The National Ordinance does not only undertake to establish a corporate governance code, but also to implement the Code in the government-owned companies. In 2011, this implementation obligation led to the drafting of model articles of association, more about that later.

In addition, the law obligates the establishment of an independent advisory and supervisory body: the Foundation Office Supervision and Standards Government Entities [Stichting Bureau Toezicht en Normering Overheidsentiteiten] (SBTNO). It has been reported that the SBTNO is operational as of May 1, 2012. Prior to that date, the duties of the SBTNO were performed by SOAB [Stichting Overheids-Accountants Bureau] as temporary Corporate Governance Adviser.

The law also obligates to seek advice from the SBTNO in certain cases (e.g. in the case of the appointment or dismissal of directors and supervisory directors, and in establishing the appointment procedures and profiles) and prior to the decision-making process. This advice is published by the SBTNO on a website. Any serious objections against the intention are indicated by SBTNO in the advice. If that is the case, the government may still deviate from the advice, but the government must then immediately notify the SBTNO thereof in writing and motivated.

If the government (as representative of the shareholder), has, e.g., the intention to dismiss a director of a government-owned company, this motivated intention, will be send to the SBTNO, that will then send an advice to the government that is to be published. If the SBTNO does not see any serious objections against that intention the dismissals decision can be taken. If such objections do exist, the government must indicate in writing and motivated why it deviates from the advice, however, the dismissals decision may still be taken.

In addition, it must not be forgotten that the rules of corporate governance leave Book 2 Civil Code Curacao (CC) intact. The basic principle is that a director under the articles of association can be dismissed ‘at all times’. The rules of corporate governance do not bring about any chances to that basic principle of the CC. It cannot be excluded that in coloring the standards of Book 2 CC Curacao, e.g. reasonableness and fairness, the rules and basic principles of corporate governance may indeed play a role.

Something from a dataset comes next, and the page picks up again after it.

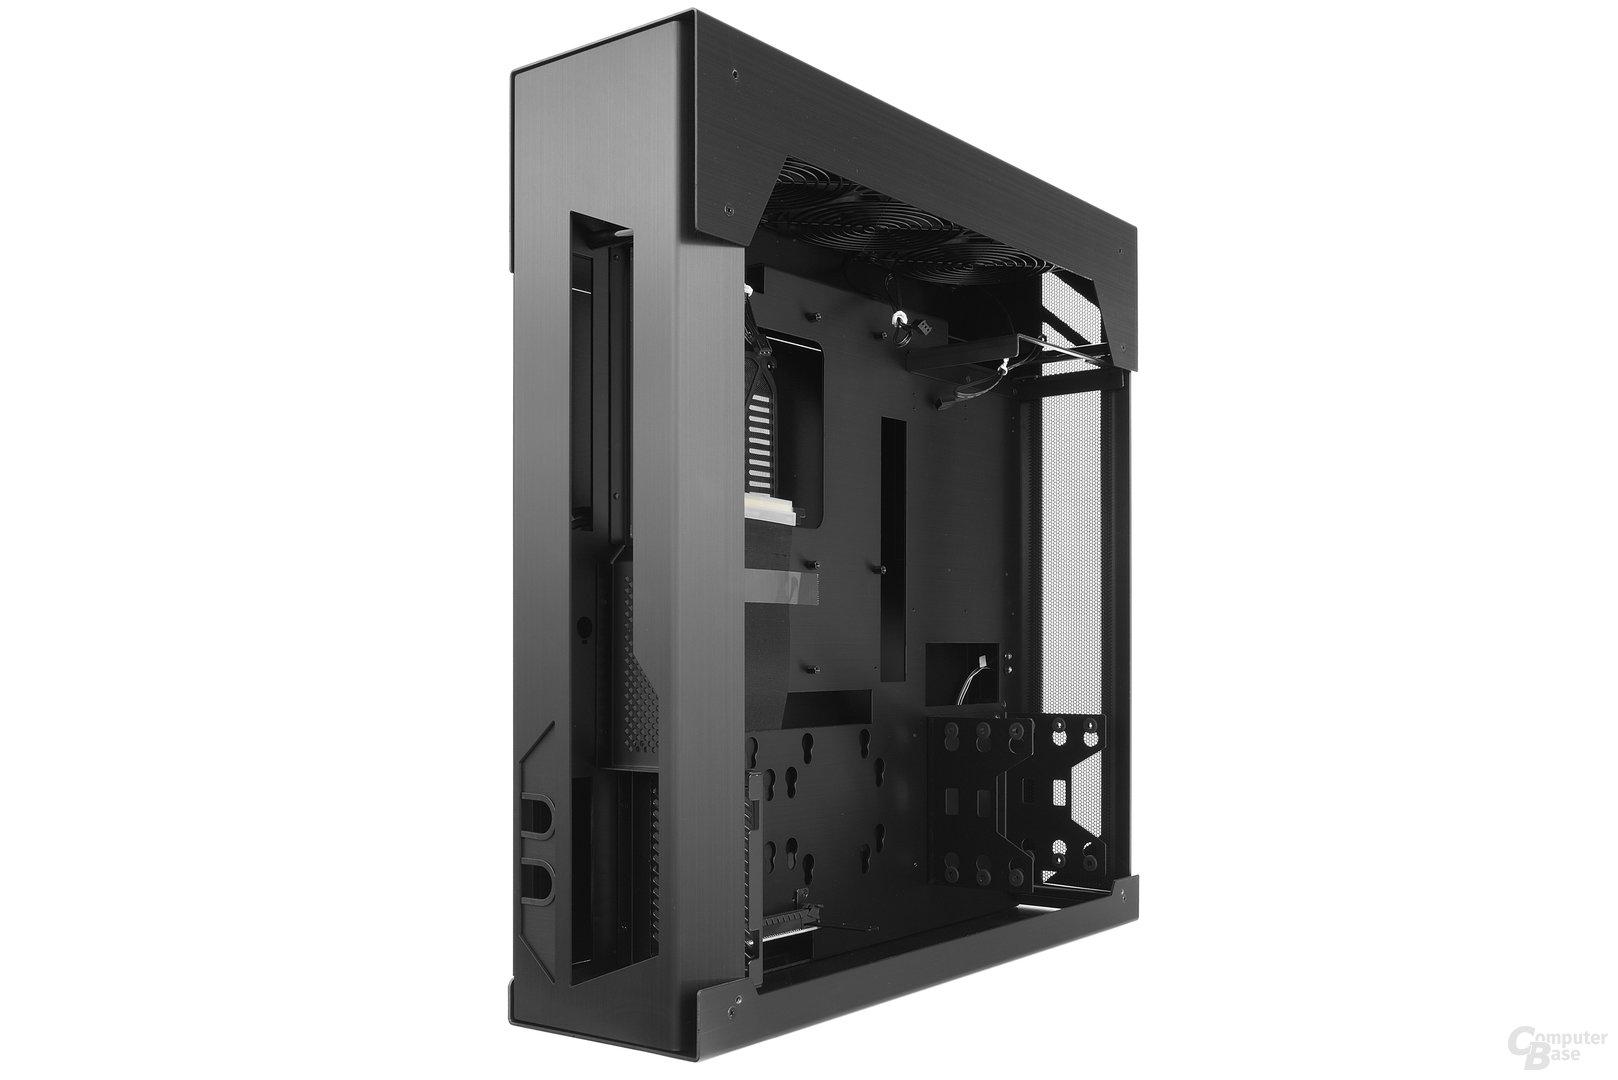 Lian Li PC-O6S – Seitliche Innenraumansicht

The rules of corporate governance instruct the government to ensure that the articles of association of government-owned companies (and government-owned foundations) are brought into line with the provisions thereof. The term set thereto has expired for a good while already. With regard to the companies, it is not very difficult to amend the articles of association, because in most cases the government holds all shares either directly or indirectly. The government has drafted model articles of association.

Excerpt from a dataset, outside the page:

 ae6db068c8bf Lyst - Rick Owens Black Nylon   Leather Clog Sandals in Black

Reviewing the model articles of association can take place in twofold: against Book 2 CC of Curacao and against the rules and principles of corporate governance.

Reviewing against Book 2 CC Curacao, which code of law was amended effective from January 1, 2012, is more technical by nature.

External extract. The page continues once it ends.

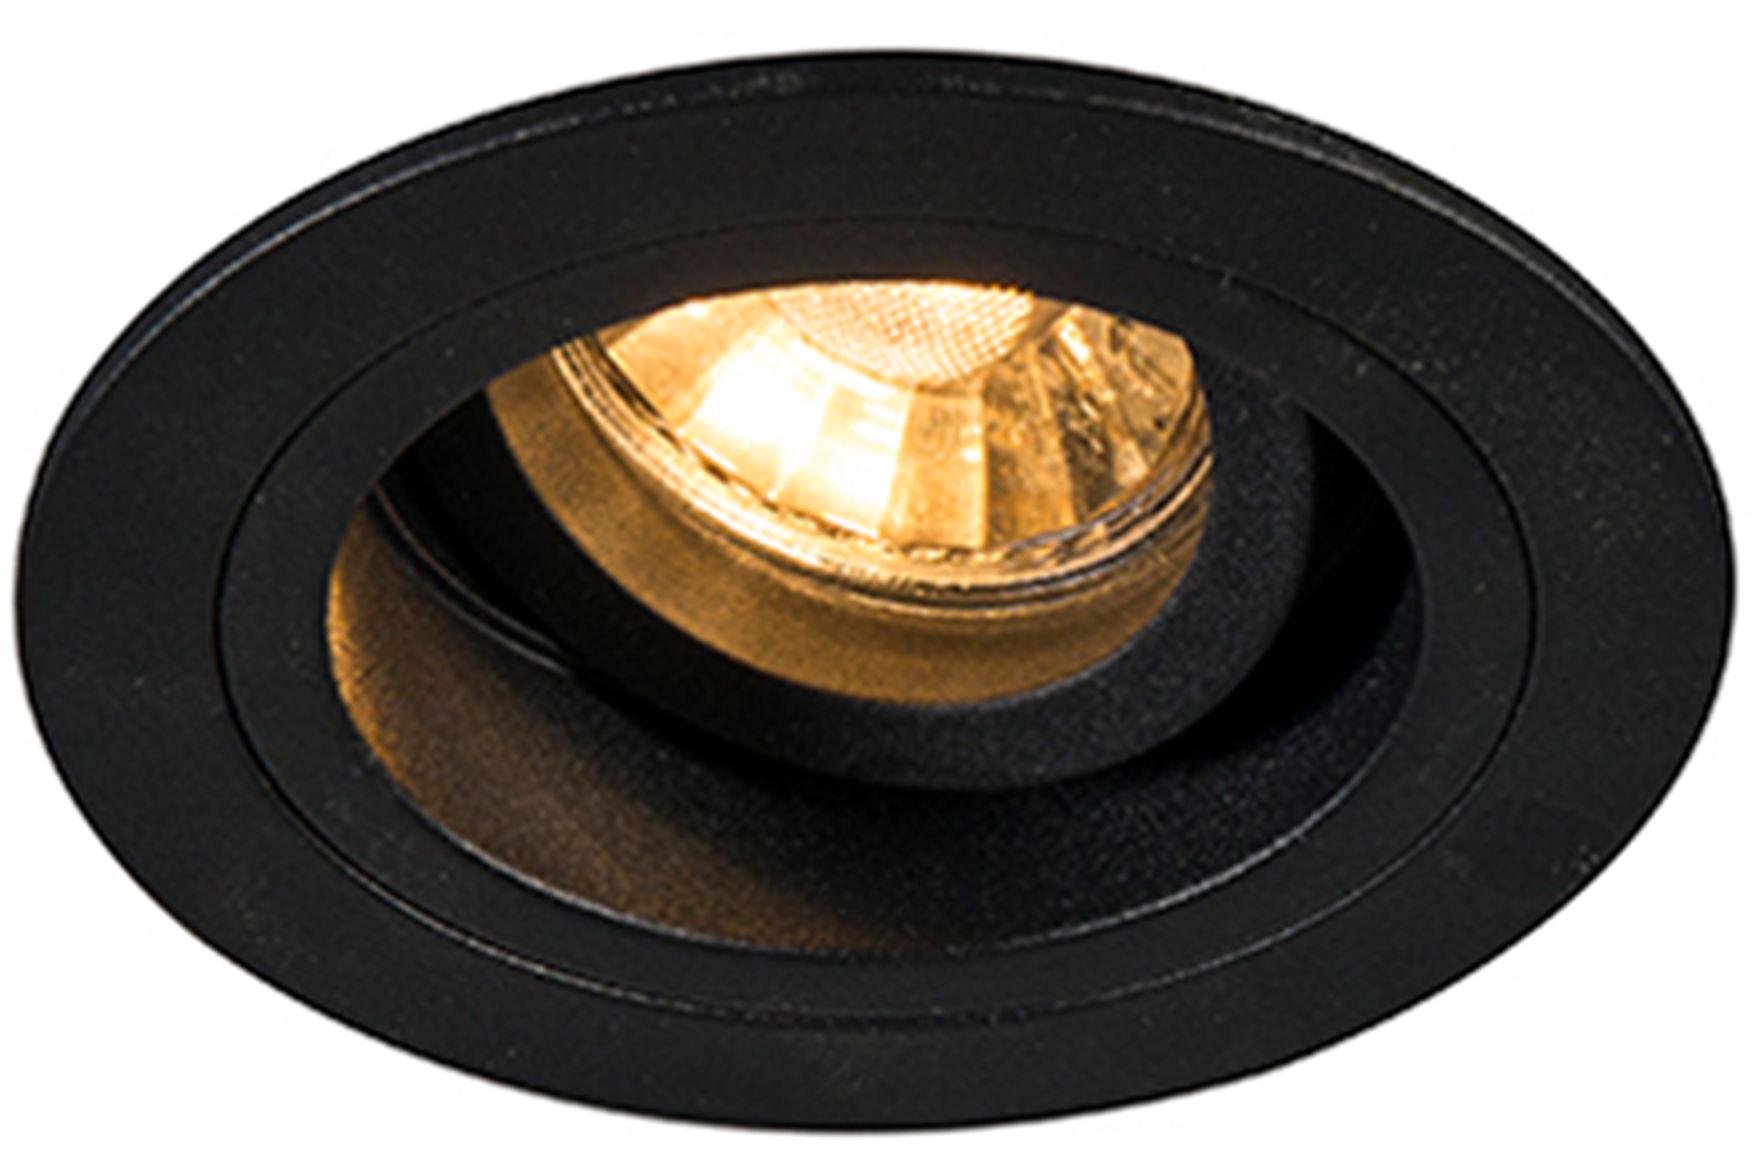 Zuma Line 92700 CHUCK DL ROUND oprawa oświetleniowa wpuszczana podtynkowa czarna GU10 9,2cm

Reviewing against the rules and principles of corporate governance is in part technical by nature, but goes further. The following has been laid down in article 4, paragraph 1 of the National Ordinance regarding corporate governance:

The government lays down by order a Code Corporate Governance, regulating according to internationally accepted standards a good and transparent management of companies and foundations and the supervision thereon in conjunction with each other.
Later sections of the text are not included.